Martial Arts: Karate
An Open Letter To Chuck Norris
By Herb Borkland
It’s been a couple years since we last ran into each other in Vegas at the Martial Arts Industry Association SuperShow. You were Guest of Honor, and “Judo” Gene Lebell introduced you to the crowd by choking out MAIA Executive Director Frank Silverman on stage. You gotta love old martial artists – like you and me.
Chuck, it was also around then I first saw you talking politics on Fox news. That day, your on-air performance, like the acceptance speech you made at SuperShow, revealed you to be a confident and seasoned performer, but one who works best from a script.
Don’t get me wrong. I agreed with every strong, sensible and patriotic sentiment you voiced on Fox. Because, above all, what has sustained your career, it seems to me, is your heart being always in the right place.
Nobody has ever suggested you are a great actor, but you are the last in a distinguished line of post-WW II role models like John Wayne, Audie Murphy and Randolph Scott. You, too, have stood for the values of Superman: “Truth, Justice and the American Way of Life.” We shall not see your like again.

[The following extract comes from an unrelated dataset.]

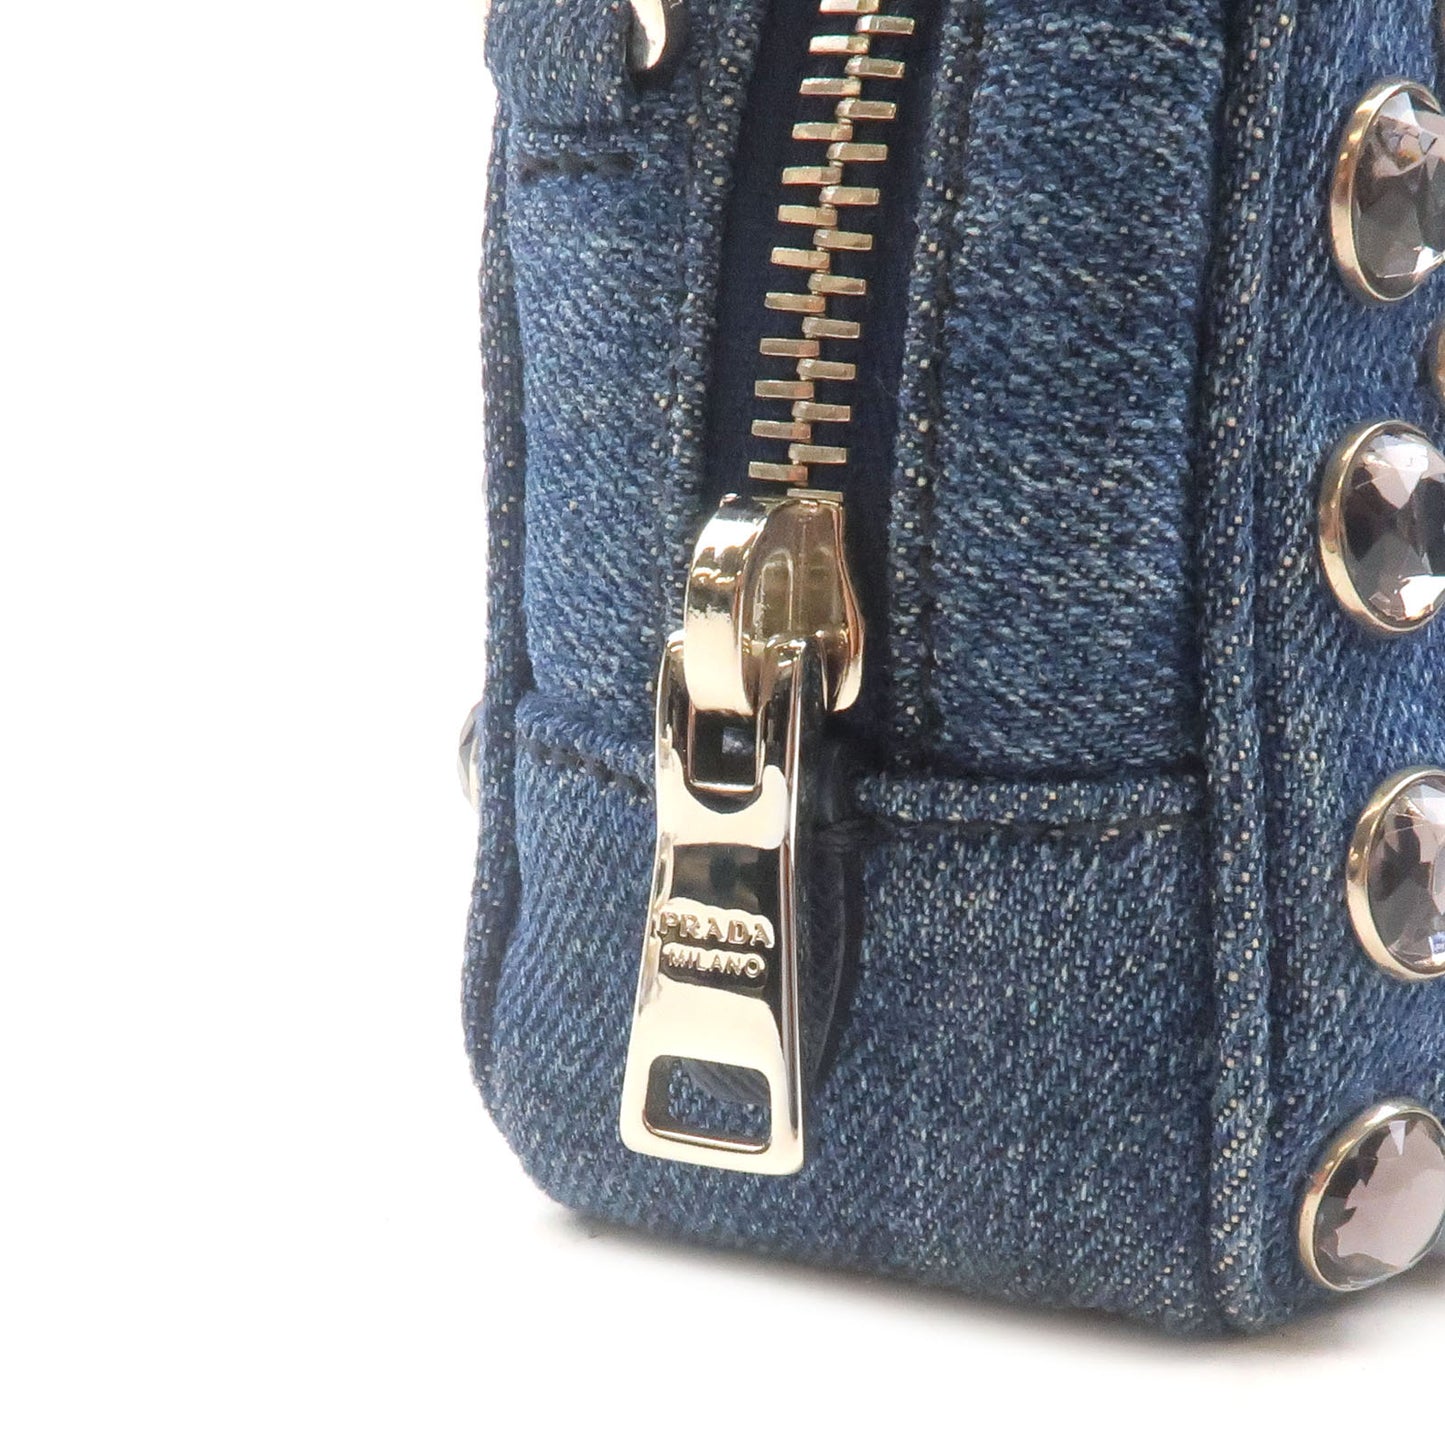 PRADA Bijou Denim Leather Shoulder Bag DENIM Blue 1NF674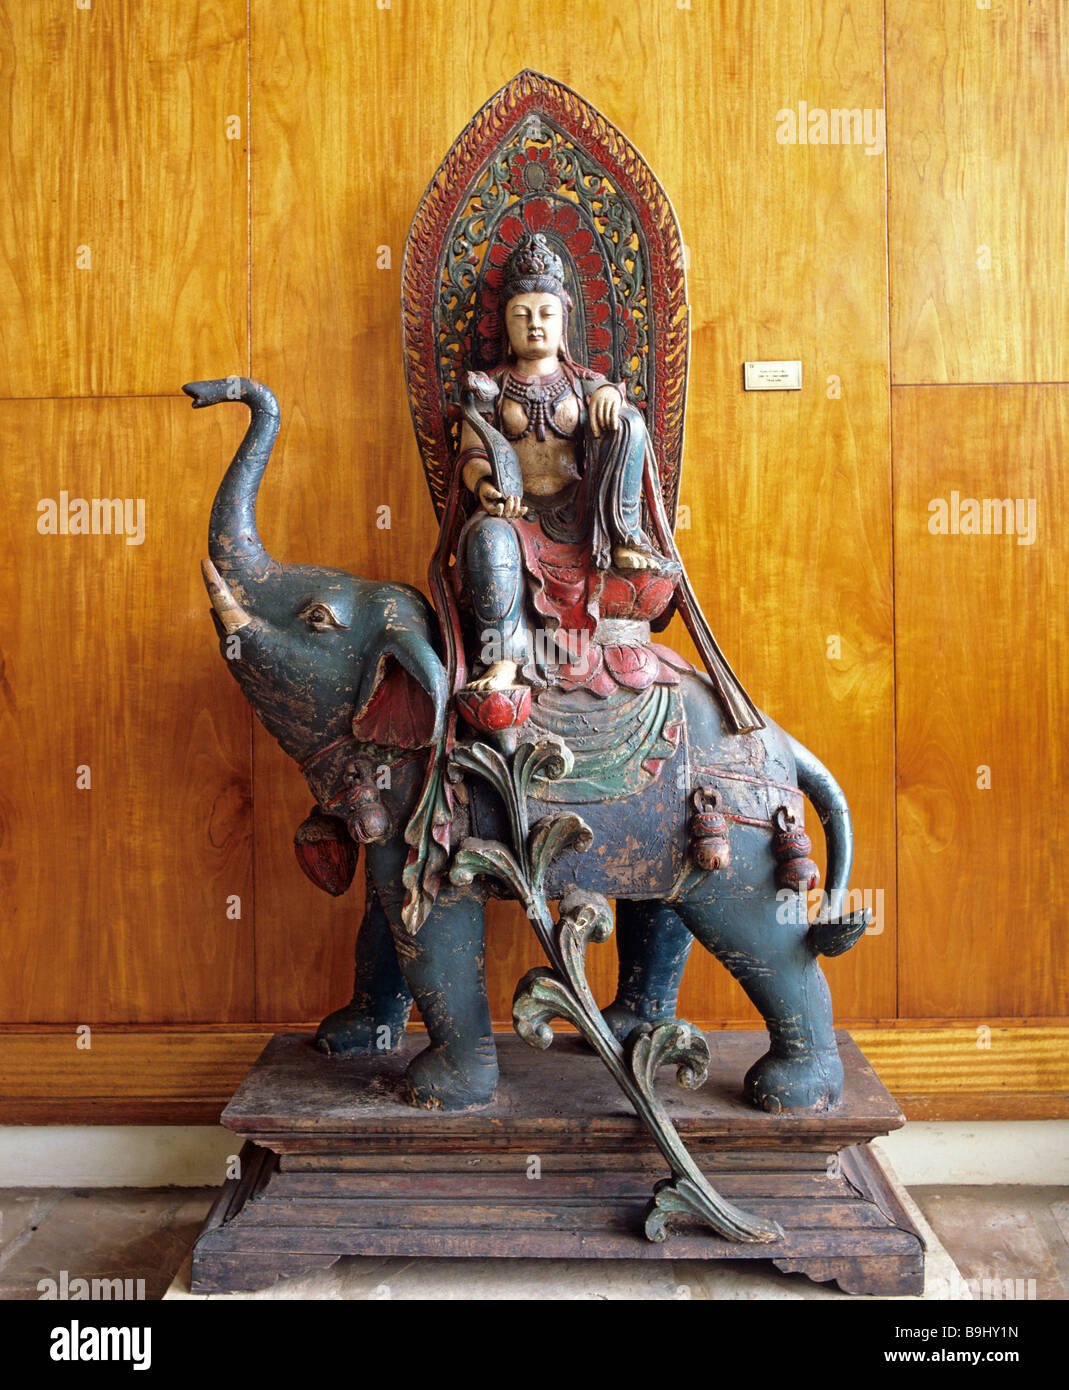 Buddhist elephant statue, Bodhisattva statue, Nepal, South Asia Stock Photo

Even so, I took your first star turn on Fox News as a fluke, the sort of putting-in-media-time that public personalities do between gigs, to keep their faces fresh in audience’s minds. After all, “Walker Texas Ranger” is now a classic in rerun heaven. I remembered those internet jokes (“Chuck Norris’s cowboy boots are made out of real cowboys,”), the hip guest shot in “Dodgeball”, and the two kids named Walker and Texas Ranger in “Talladega Nights.”
The question for an international star at the height of his reputation is… now what?
Later, however, when I saw you were shadowing Presidential hopeful Mike Huckabee at his campaign events and press conferences, I sat up straighter. The quality of your “adlibs” had definitely improved – you were learning that politicians, too, work from scripts. I turned to my wife and said, “He’s understudying Huckabee.”
Elena asked, “Isn’t he there to help draw a crowd?”
“That, too, but, I tell you, I feel it in my bones. The man’s seriously thinking about going into politics.”
New evidence seems to be supporting my intuition. Last October 15th in The Washington Times, I ran across a straight-forward piece in the “Inside the Beltway” column. You were described as “martial artist, screen actor, and right-leaning political advocate.” You spoke in a voice perfectly pitched to find the ear of every man and woman who shook your hand at a Huckabee rally.
Your great new book, “Black Belt Patriotism,” could be like “Audacity of Hope” or John Kennedy’s “Profiles in Courage” – the work that establishes your public seriousness. It’s that good. But there is also one more, to me even stronger, sign you will run for office, and I see it in your face, and, Chuck, it startles and impresses me.
When I saw you the other day, you no longer wore the Walker face. The heroic cinematic mask you created for Cordell has been put aside. Also missing was the supposedly “natural” face actors put on off-screen for public appearances. Instead you are now showing America the real man behind the actor – which is the single hardest thing any actor can do.
I was suddenly aware of somebody who has lived one of those magic American success stories people cite to prove what a great country we live in. You earned your lifestyle. No one who’s ever worked with you has come away not praising you. You are an Air Force veteran who understands and loves this nation from Main Street – where you helped pioneer today’s billion-dollar karate-schools industry – all the way up to the rarefied air global celebrities breath.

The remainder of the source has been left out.